Kaizen is the Japanese concept of incremental improvement. It means making small daily changes that add up over time to represent huge differences in your life. The concept comes from manufacturing, where making a small improvement can result in gigantic changes that can hugely impact on profits in a good way.
This same strategy is often applied to weight loss, exercise, productivity, and finance.
But what about relationships? How can we apply this concept to one of the things that matters most in life?
Patterns
One piece of advice that any new couple should heed is this: be wary of the patterns and habits you fall into.
What many people don’t realize is that relationships – like people – are very much habitual. The habits you set down early on in terms of the balance of power, or the roles each of you take on at particular times.
You shouldn’t therefore do something once early on in your relationship, unless it’s something you’re happy to continually do.
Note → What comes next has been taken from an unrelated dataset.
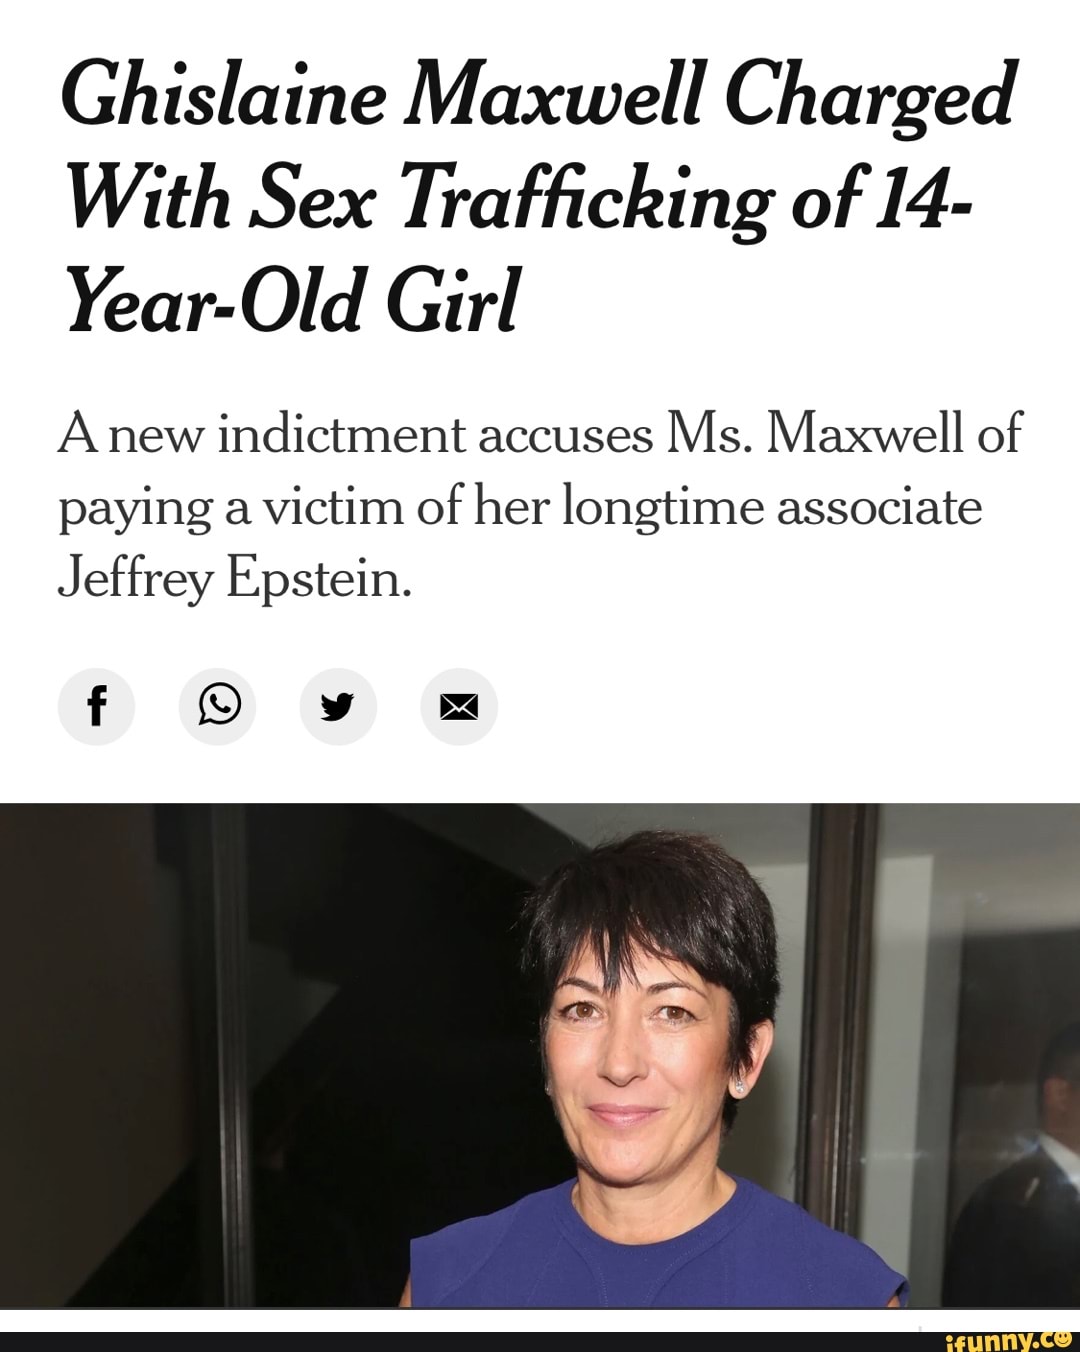 Ghislaine Maxwell Charged With Sex Trafficking Of 14 Year Old Girl Anew Indictment Accuses Ms

For example, if you pick your partner up from work on the way home once, this is very likely to become a habit. If your partner goes into another room one evening to work rather than watch TV with you, this is very likely to become a habit.
This is all fine as long as they’re things you’re happy with. The problem is breaking patterns and habits that you aren’t happy with.
The answer? Kaizen. Small steps that add up to a big difference.
These habits can be broken just as they can be learned, but you need to start with a small step. For example, you might one night explain that you need to come home a little later, or that you’re very tired, and that you won’t be able to pick your partner up that night.
Wait a week and do the same thing again. Then do two nights in a row. Before long, a new habit can be set.
Diagnostics
Another way to apply kaizen to relationships is in a diagnostic sense of continual improvement. In other words, you can look at your current relationship and identify key areas where things could be improved. Then find small ways to do that.
This doesn’t need to mean pointing the finger at someone! It could rather mean deciding you both want to spend more time together, and therefore finding small opportunities to do that. Likewise, it could mean deciding to do more interesting things, and so maybe making a small change – like banning television just one night of the week.